To determine the maximal possible value of the order of an element $g \in G$, where $G = \mathbb{Z}/2\mathbb{Z} \times \mathbb{Z}/n\mathbb{Z}$ and $\gcd(2, n) > 1$, we need to carefully analyze the structure of $G$ and the properties of its elements.

Step 1: Structure of $G$

The group $G$ consists of ordered pairs $(a, b)$, where $a \in \mathbb{Z}/2\mathbb{Z}$ and $b \in \mathbb{Z}/n\mathbb{Z}$. Each component is added modulo its respective modulus. Hence, the elements of $G$ are $(0, b)$ and $(1, b)$ for $b \in \mathbb{Z}/n\mathbb{Z}$.

Step 2: Order of an element in $G$

The order of an element $g = (a, b) \in G$ is the smallest positive integer $k$ such that $k \cdot (a, b) = (0, 0)$. This is equivalent to finding the least common multiple (LCM) of the orders of the components $a$ and $b$.

Order of $a$

• If $a = 0$, then the order of $a$ is 1.
• If $a = 1$, then the order of $a$ is 2 (since $1 + 1 = 0$ in $\mathbb{Z}/2\mathbb{Z}$).

Order of $b$

The order of $b$ in $\mathbb{Z}/n\mathbb{Z}$ is the smallest positive integer $m$ such that $m \cdot b = 0 \mod n$. This is given by $\frac{n}{\gcd(b, n)}$.

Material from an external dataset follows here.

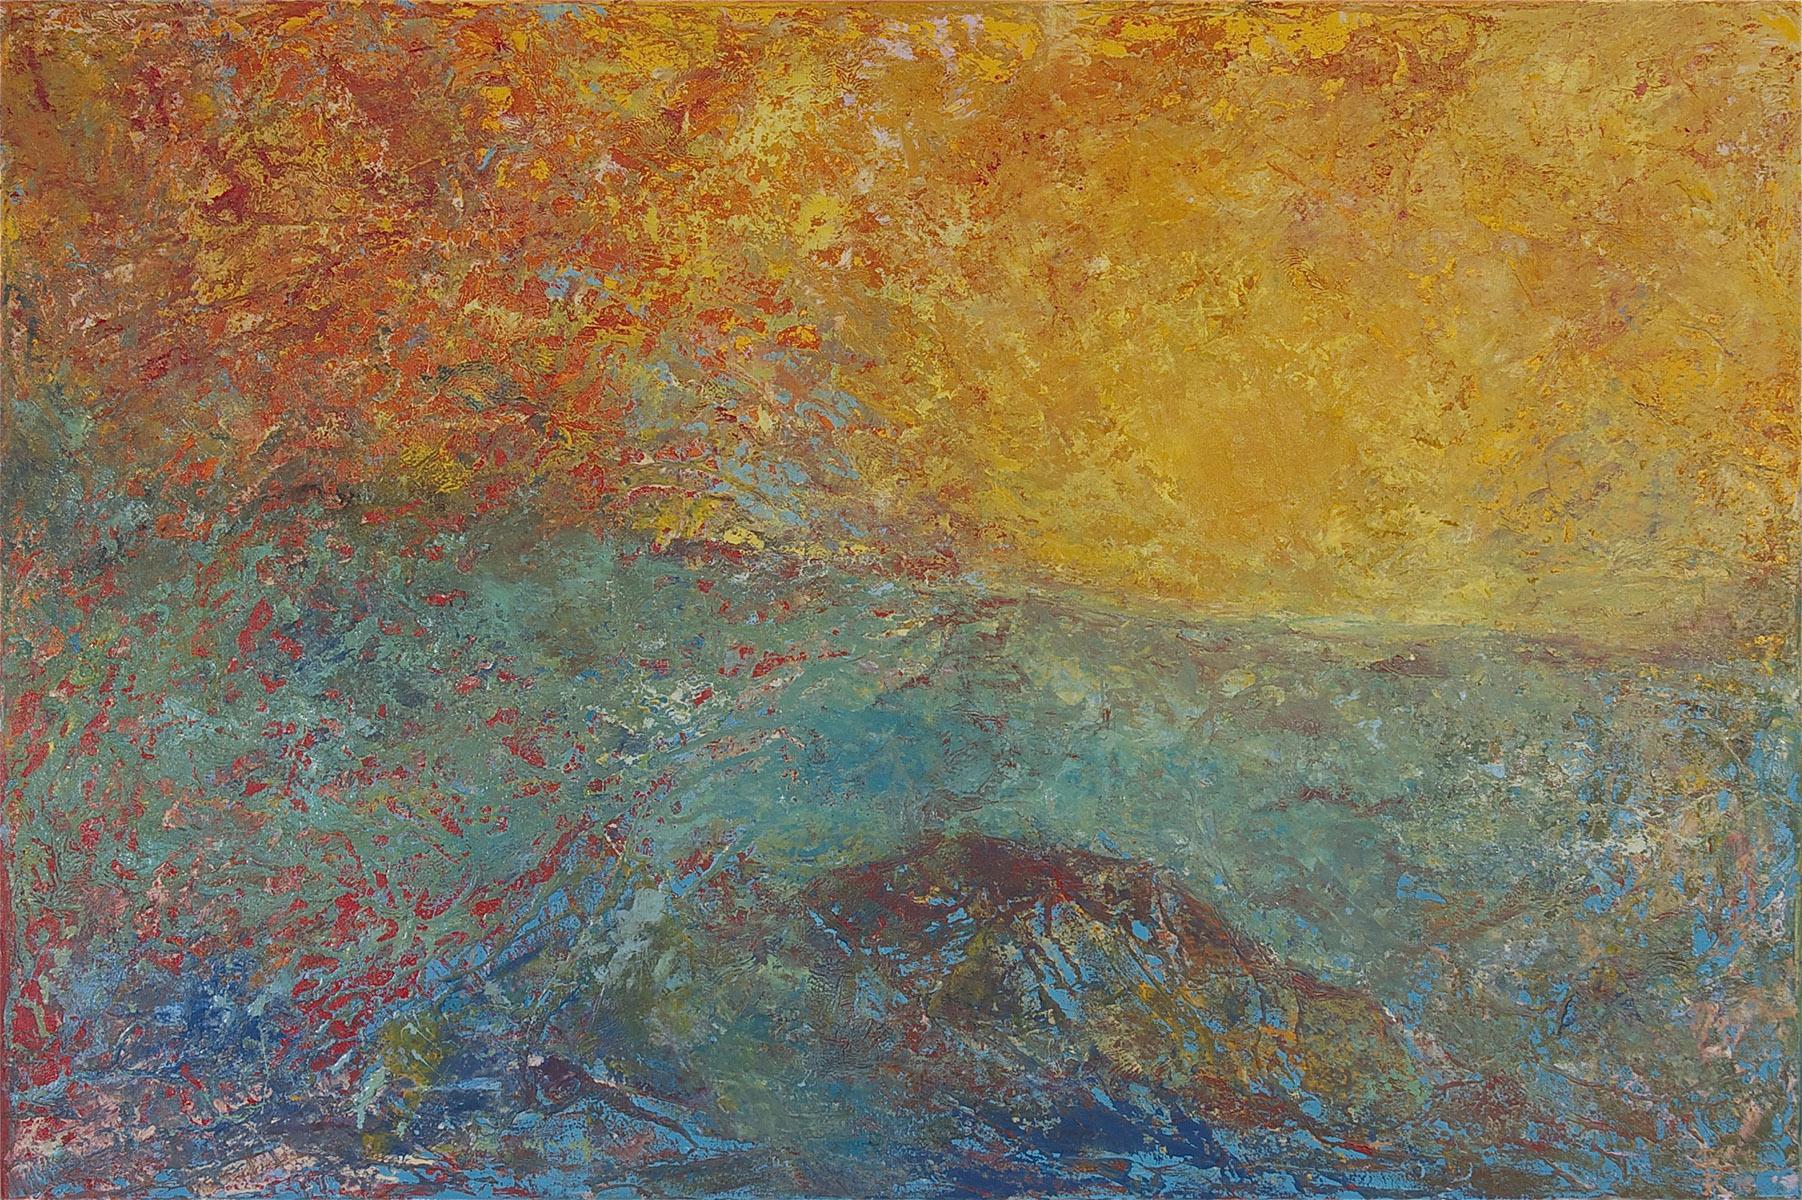 Volcanic Sky, 2013
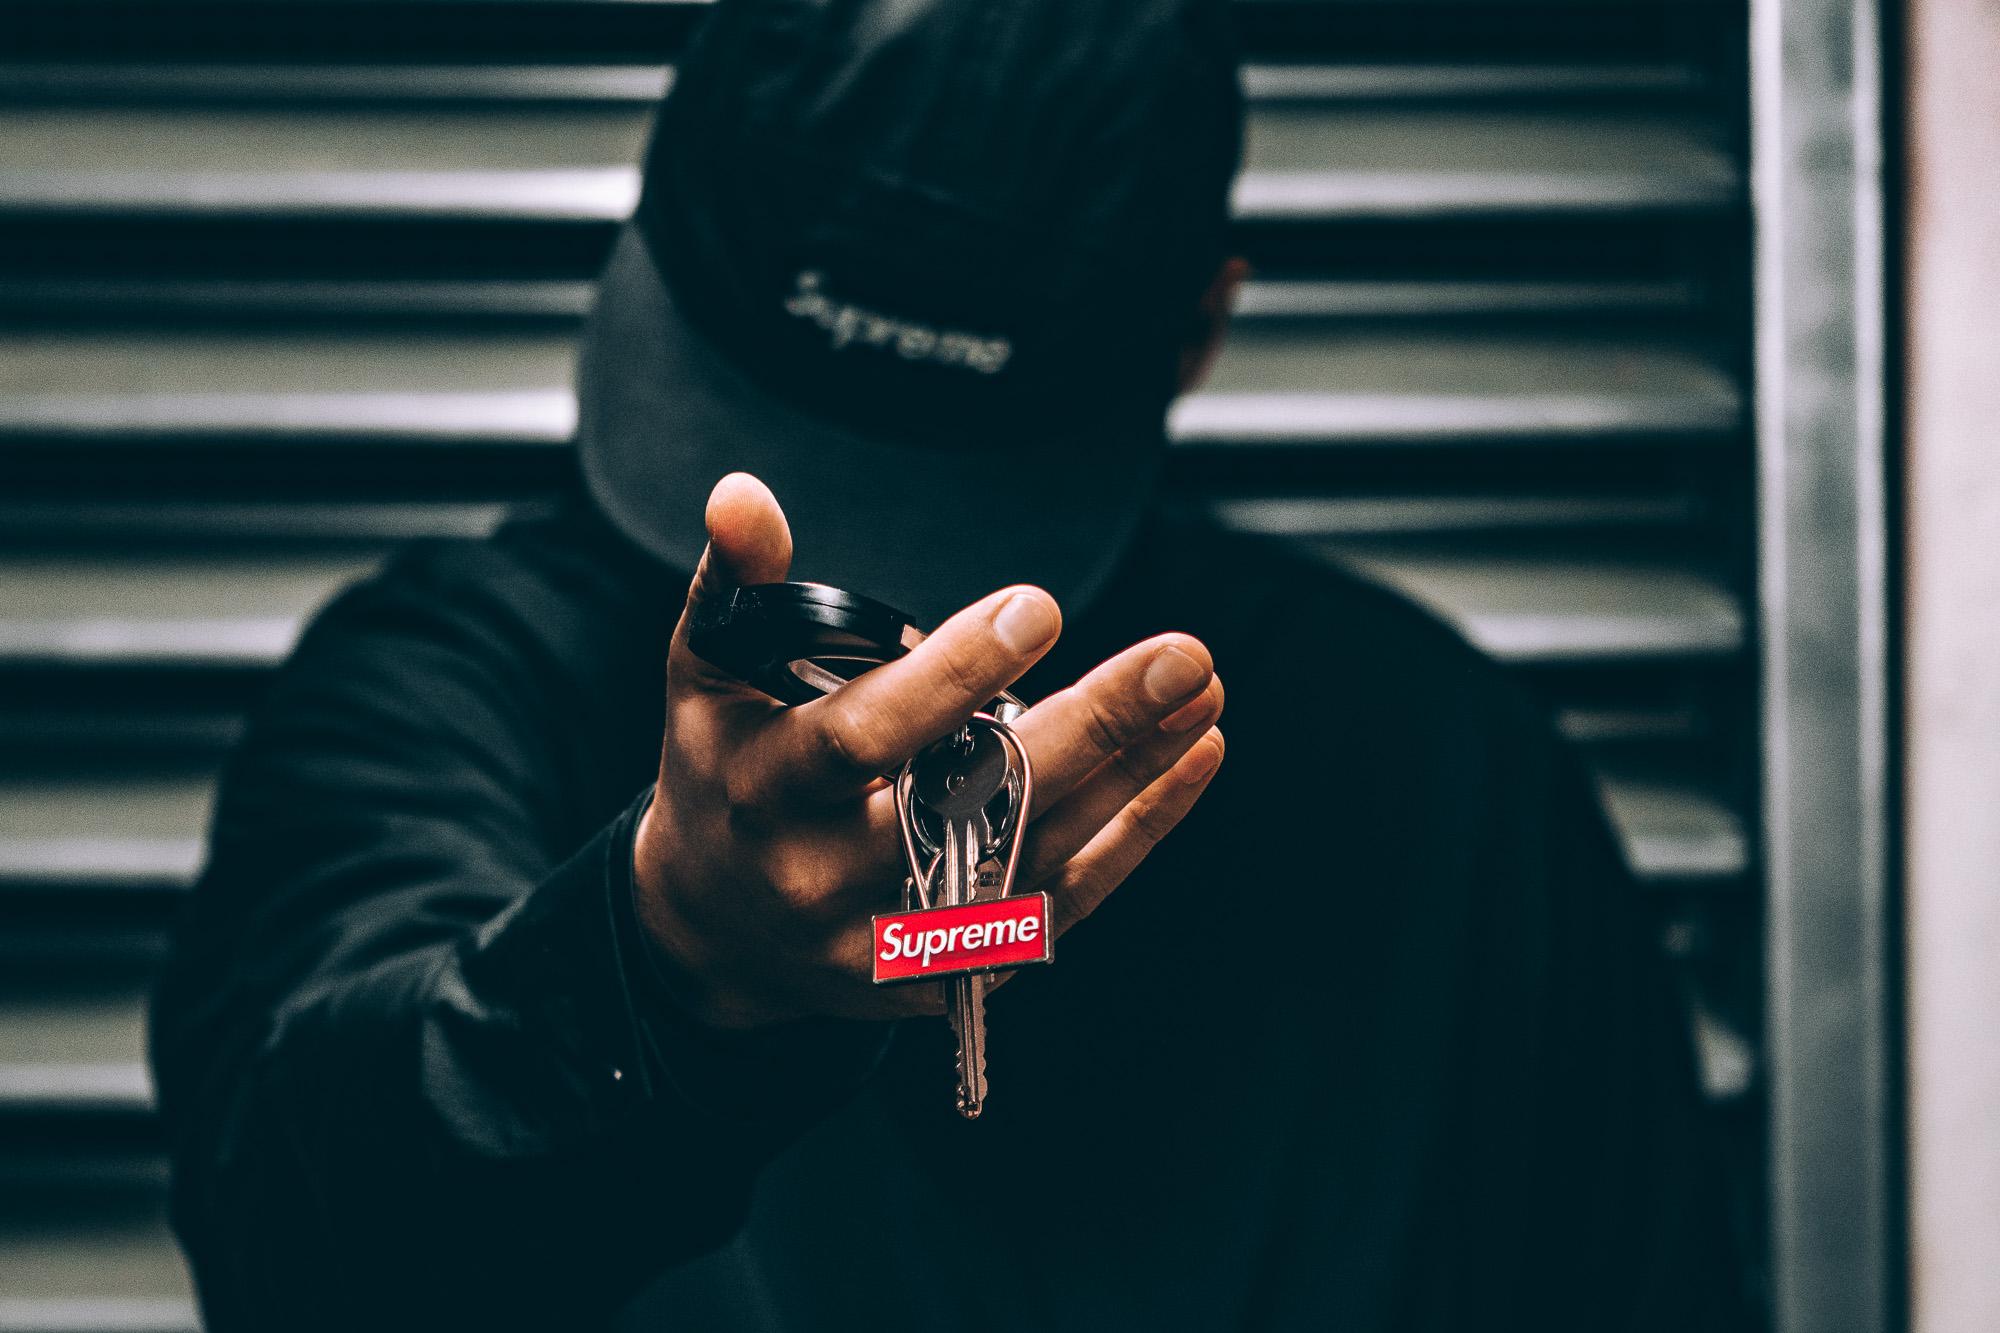 Supreme Key

Step 3: Finding the maximal possible order

To find the maximal possible order of an element $(a, b)$, we need to maximize the LCM of the orders of $a$ and $b$.

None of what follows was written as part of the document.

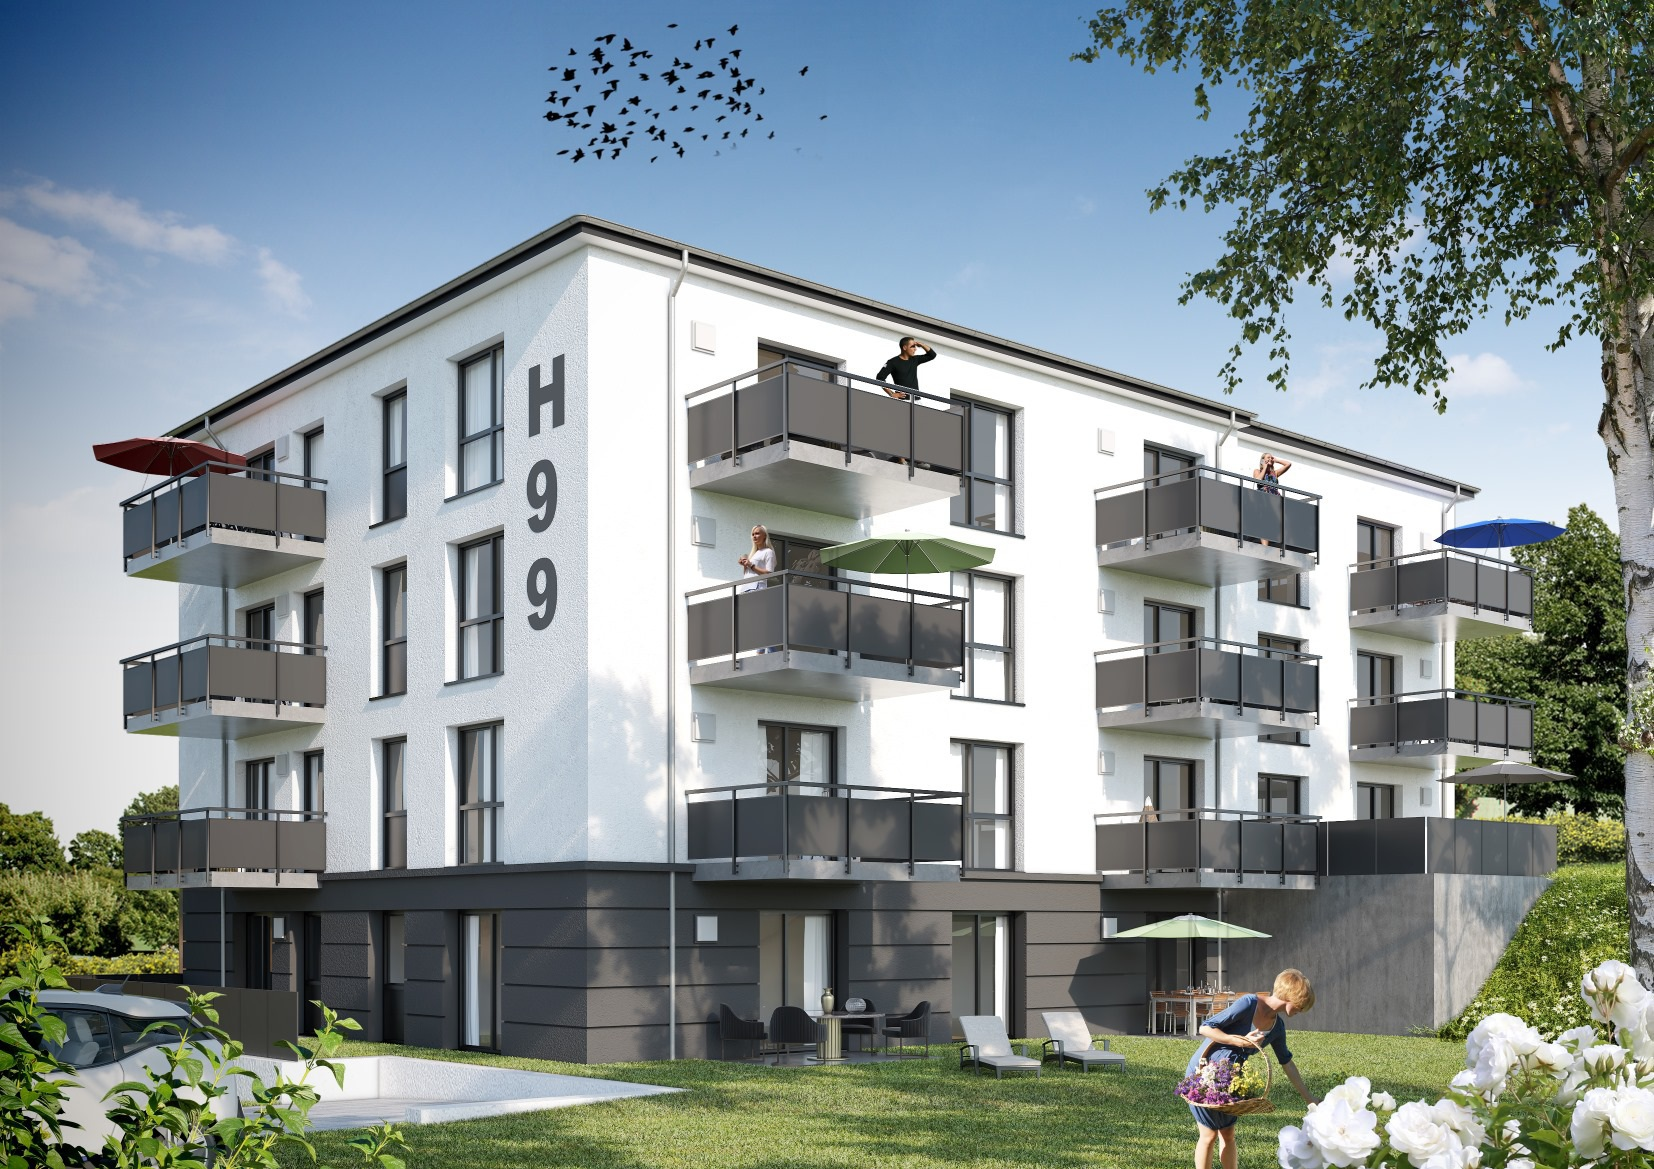 Mehrfamilienhaus in Lennestadt/Altenhundem

• For $a = 0$, the order is simply the order of $b$, which is $\frac{n}{\gcd(b, n)}$. This achieves its maximum when $\gcd(b, n)$ is minimized, ideally $\gcd(b, n) = 1$, giving an order of $n$.
• For $a = 1$, the order is $\text{LCM}(2, \frac{n}{\gcd(b, n)})$.

Given that $\gcd(2, n) > 1$, $n$ must be even. Hence, the possible values of $\gcd(b, n)$ can vary, but we are interested in the case where $\frac{n}{\gcd(b, n)}$ contributes maximally.

Evaluating LCM for maximal order

To maximize $\text{LCM}(2, \frac{n}{\gcd(b, n)})$:

• If $\gcd(b, n) = 2$, then $\frac{n}{\gcd(b, n)} = \frac{n}{2}$.
• The LCM is $\text{LCM}(2, \frac{n}{2})$.

For $n = 2k$ (an even number),

• If $\gcd(b, n) = 2$, then $\frac{n}{\gcd(b, n)} = k$,
• Thus, $\text{LCM}(2, k)$.

This $\text{LCM}$ achieves its maximal value when $k$ is a multiple of 2, hence the largest possible value of $k$ is $\frac{n}{2}$.

Thus, the maximal possible order of any element in $G$ occurs when $k$ is maximized, which gives $n$. This achieves $n$ in some specific cases, but we need $\text{LCM}(2, k)$ to be maximal, so:

Final Result

The maximal possible value of the order of $g \in G$ where $\gcd(2, n) > 1$ is:

$\boxed{n}$

since the LCM of the orders of components when maximized in the scenarios above yields $n$ when conditions permit.